Task instructions:
Reproduce only what runs from the line containing "united nations general assembly logo" to the line containing "General Manager Resume" in the records below, inclusive. Keep it exact, and keep the pictures out.

Data extract:

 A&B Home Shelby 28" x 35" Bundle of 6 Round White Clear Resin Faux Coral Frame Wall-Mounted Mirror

---

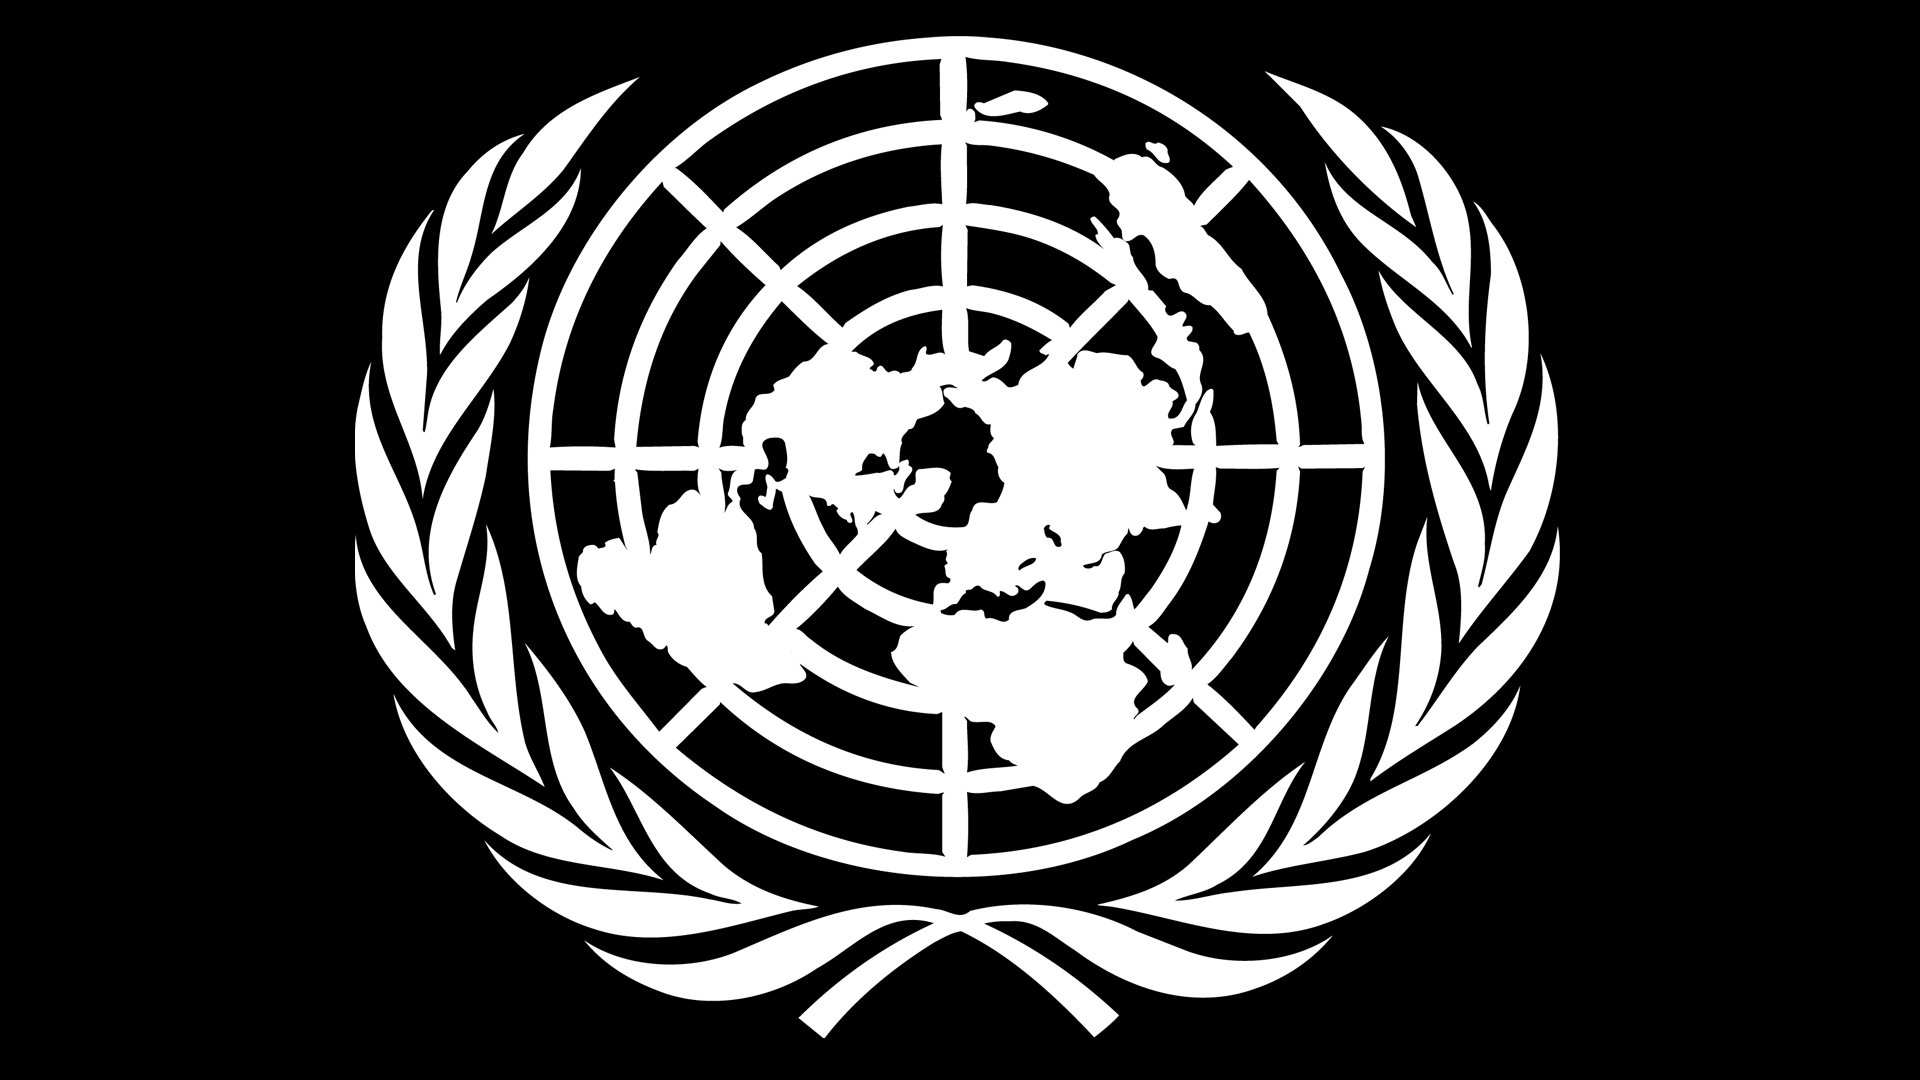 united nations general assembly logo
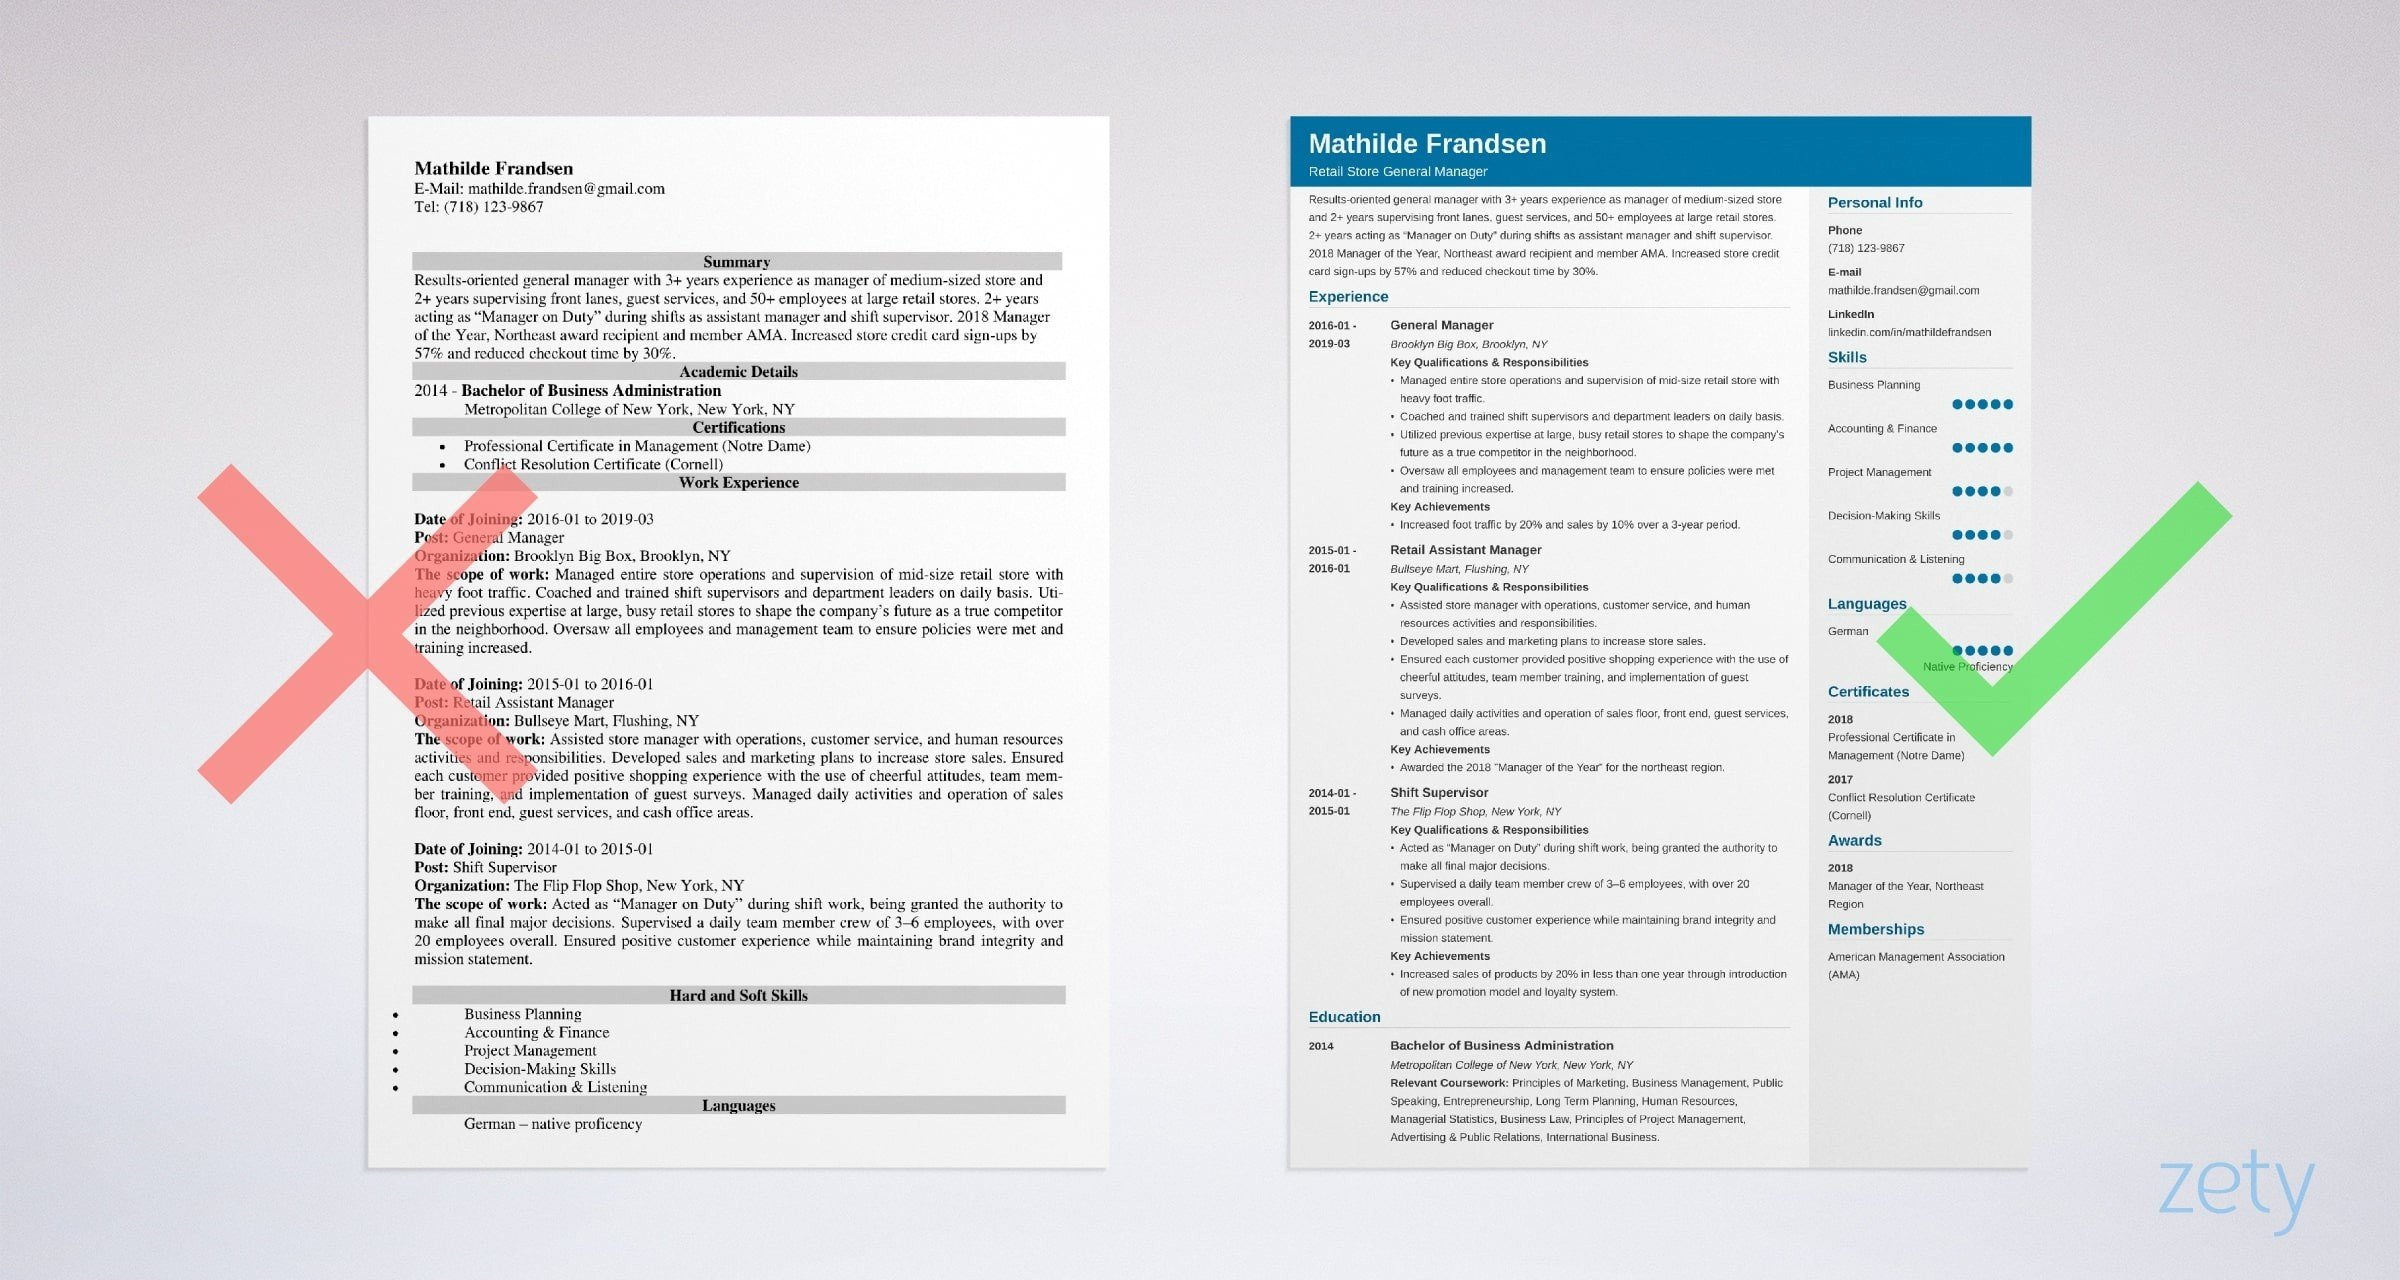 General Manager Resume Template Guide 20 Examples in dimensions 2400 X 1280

Solution:
 united nations general assembly logo
 General Manager Resume Template Guide 20 Examples in dimensions 2400 X 1280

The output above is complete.